Overview: To go along with its recent release on HBO Max, Batman: The Audio Adventures #1 has been released to tie into the podcast. Written by the man behind the show, Saturday Night Live writer Dennis McNicholas, this eighty-page special features stories set in the world of the radio/podcast drama.
Editor’s Note: Due to the anthology nature of this collection, we will feature a synopsis and analysis for each short story, rather than breaking up the synopsis and analysis. Spoilers are sure to be revealed.
Story #1: Jack Ryder in “A Gotham City One Special Report” by writer Dennis McNicholas and artist Leonardo Romero
Synopsis: Jack Ryder gives a quick introduction that leads into the second story.
Analysis: There isn’t much here to focus on, but the art was a unique way to open the issue.
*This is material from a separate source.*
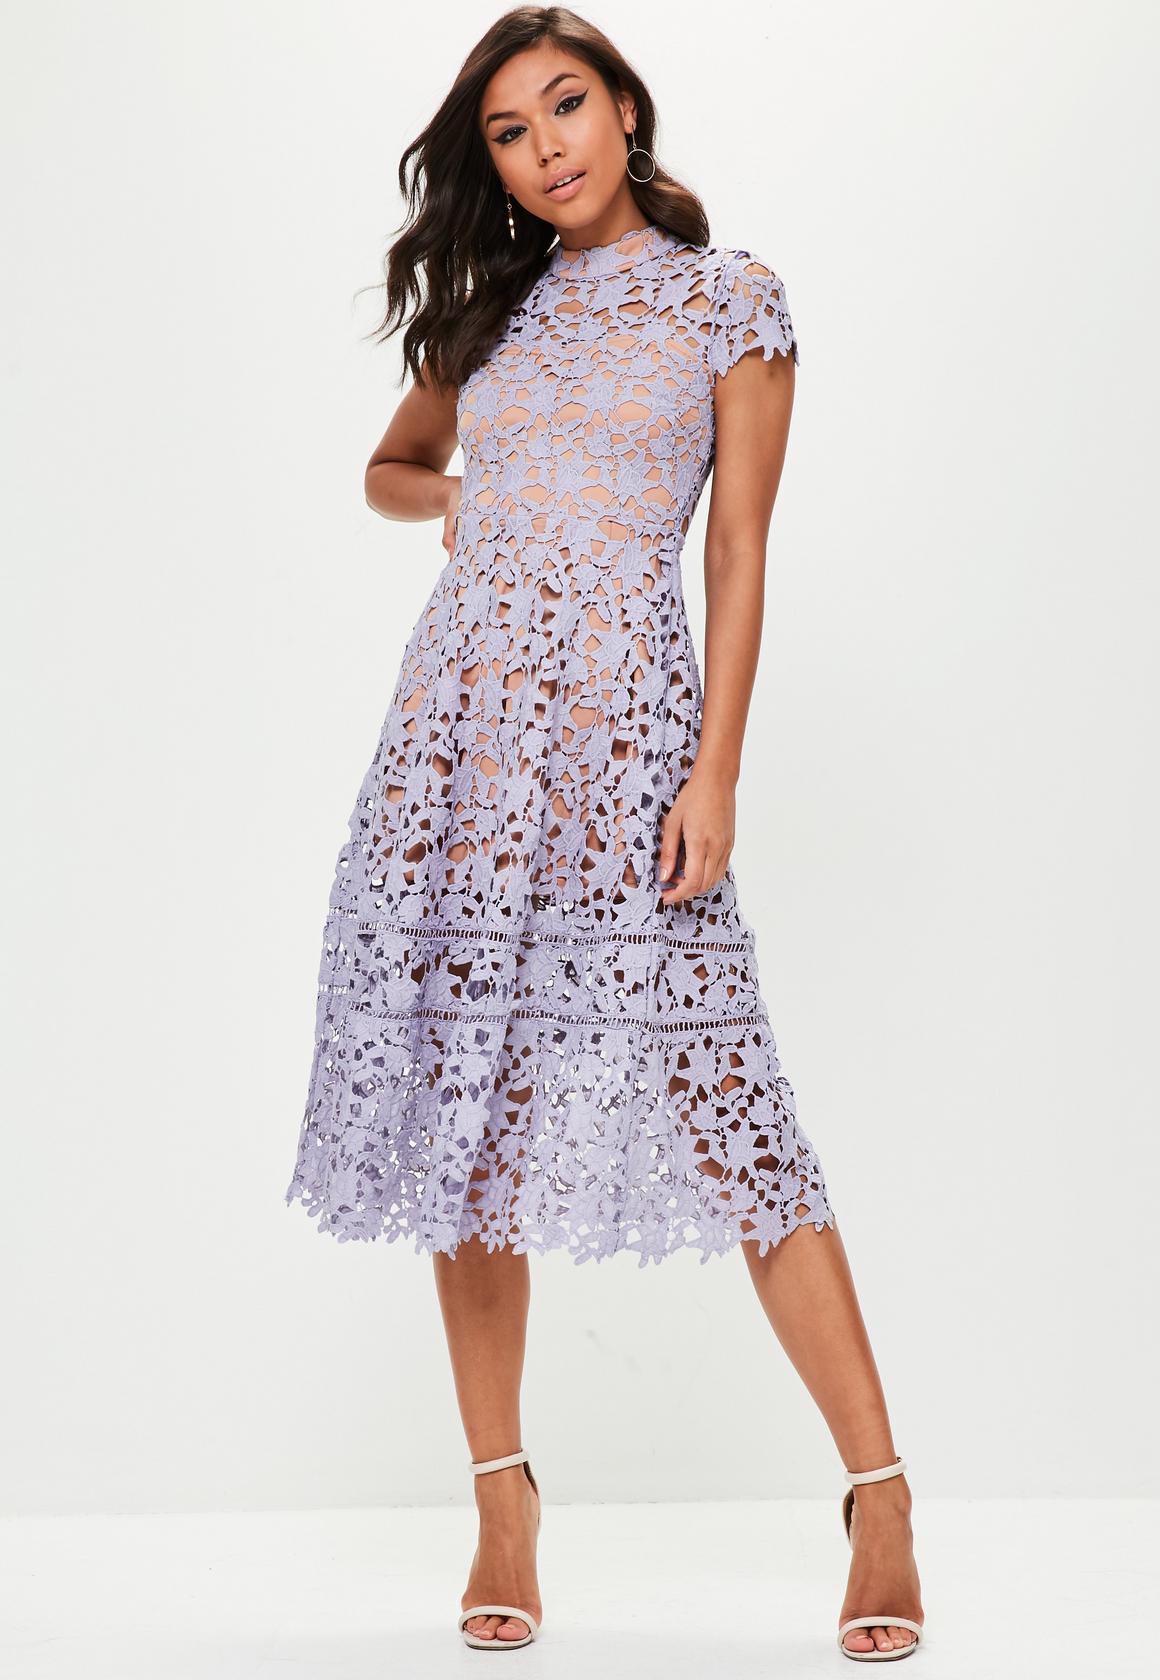 b990bc07a2d94f ASOS koronkowa sukienka rozkloszowana self 38 M - 7008234284 ...

Story #2: Batman in “A Better Mousetrap” by writer Dennis McNicholas and artist Anthony Marques
Synopsis: Batman gives chase to the Blind Mice gang. While Batman is giving chase, he is thinking about how the next day he officially becomes a consultant of the GCPD. He questions if it is the right thing to do by stepping out of the shadows and into the light. He also mentions that it is a change and any change in Gotham can bring about fear, violence, and chaos. Batman questions if he is strong enough to handle it. As he hands over some members of the Blind Mice gang to the police, more members show up to take him out but stop because Batman is backed up by more police. Finally, Batman and the Gotham City police stand shoulder to shoulder. “Change is here,” says Batman.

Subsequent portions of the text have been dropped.